The high cost of death — and what we can do about it
Everyone knows that the death of a loved one is painful. But we don’t talk about how painful it really is. It isn’t just grief; it is all the additional burdens of loss. The frayed relationships. The lowered productivity at work. The hours upon hours spent doing tedious tasks and filling out endless paperwork. And, of course, the massive financial strain of paying for it all.
If we want to truly understand the impact of loss—and help those affected by it—we shouldn’t be measuring just by the millions of Americans who die each year, but by the billions of dollars it costs their families: in services, in unexpected costs, in unnecessary fees, lost wages, and wasted hours. We should be counting the total impact by the profits lost by businesses, by broken homes and estranged siblings, by increased therapy sessions and prescriptions, by the extra strain placed on whole communities.
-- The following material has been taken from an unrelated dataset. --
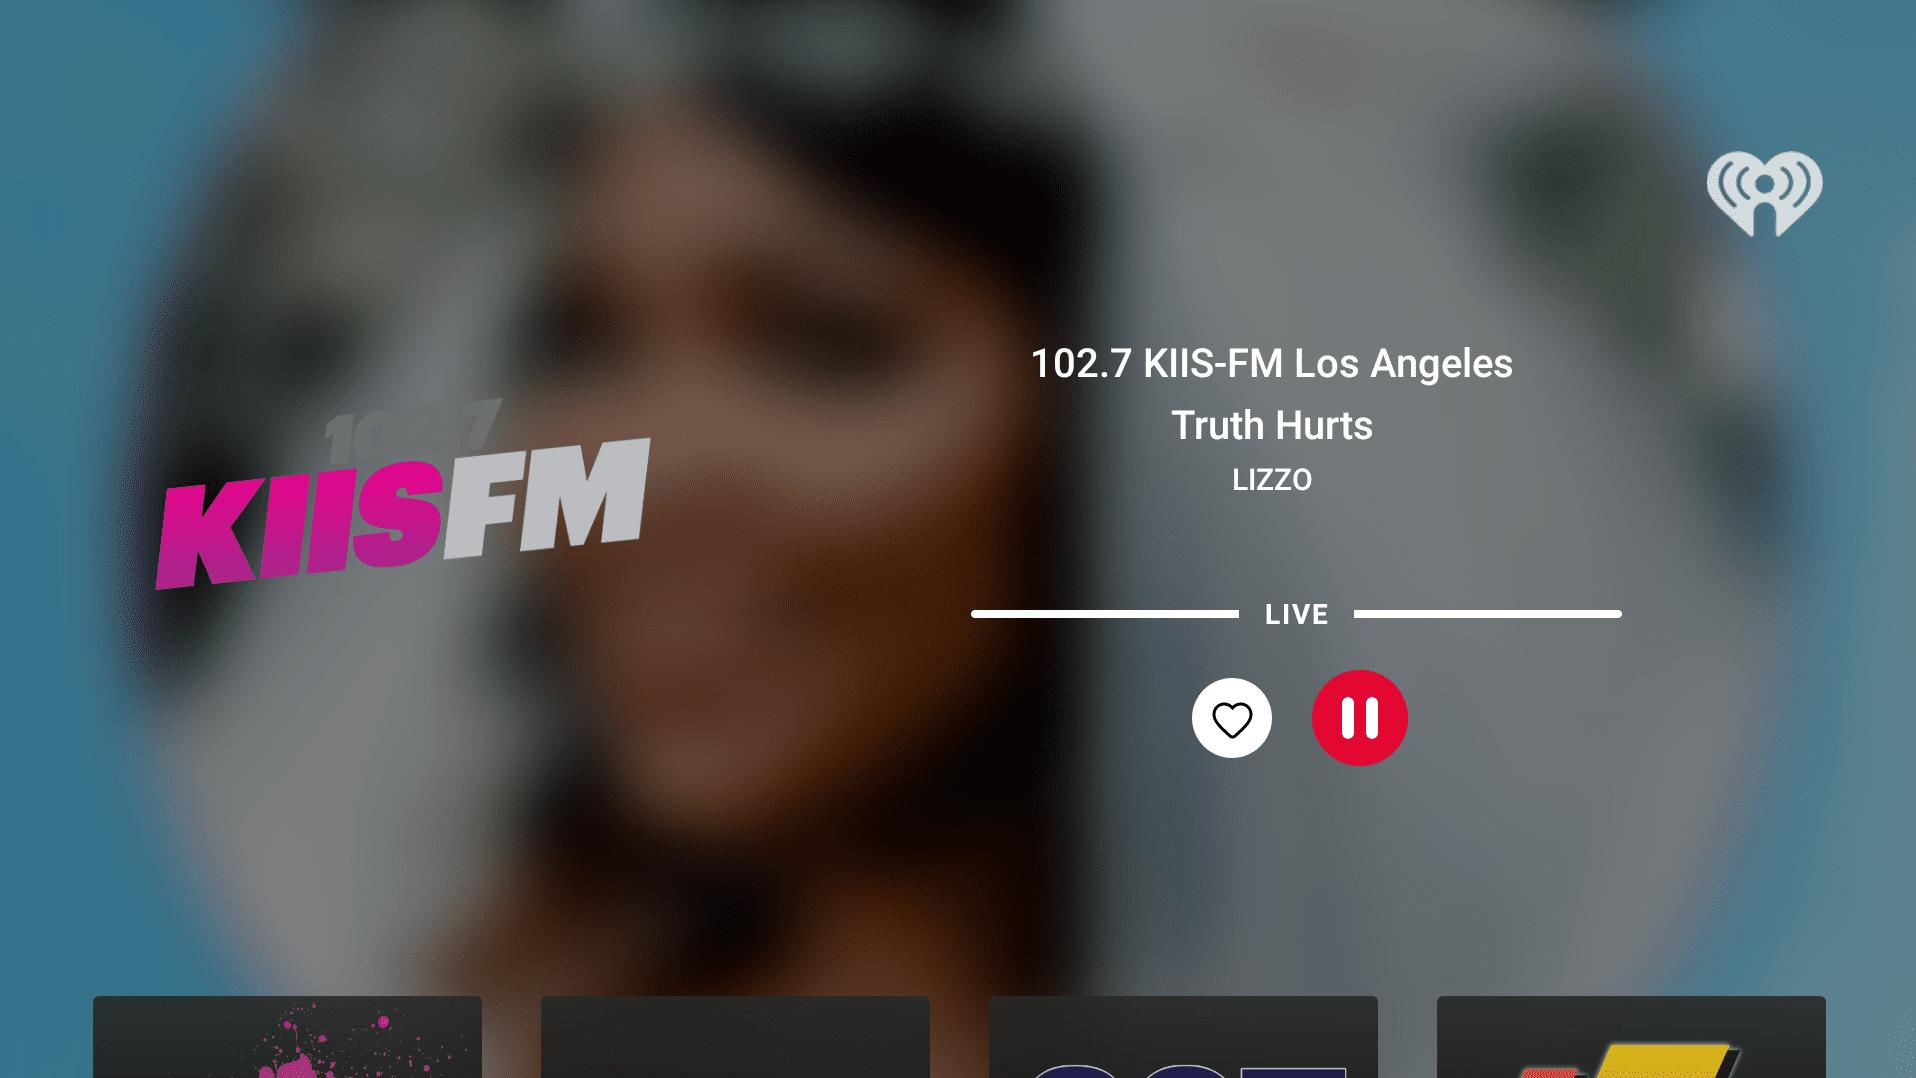 iheartradio app interface

Until now, nobody has been tracking these numbers, for the same reason that we are unprepared for these challenges of loss when they come: The cultural taboo against talking about death directly. Americans prefer to talk about death obliquely, in the abstract, in hushed tones. Making us generally unaware of all of the issues that loss brings, and allowing the bureaucracies and industries that mediate these challenges to become hugely inefficient and even, in some cases, predatory.
As part of our mission to change the way the world deals with loss, therefore, we at Empathy set out to determine the real costs of a death in the family, to get clear data about the scope of the problem, and bust open the taboo that has for too long kept it out of the public consciousness.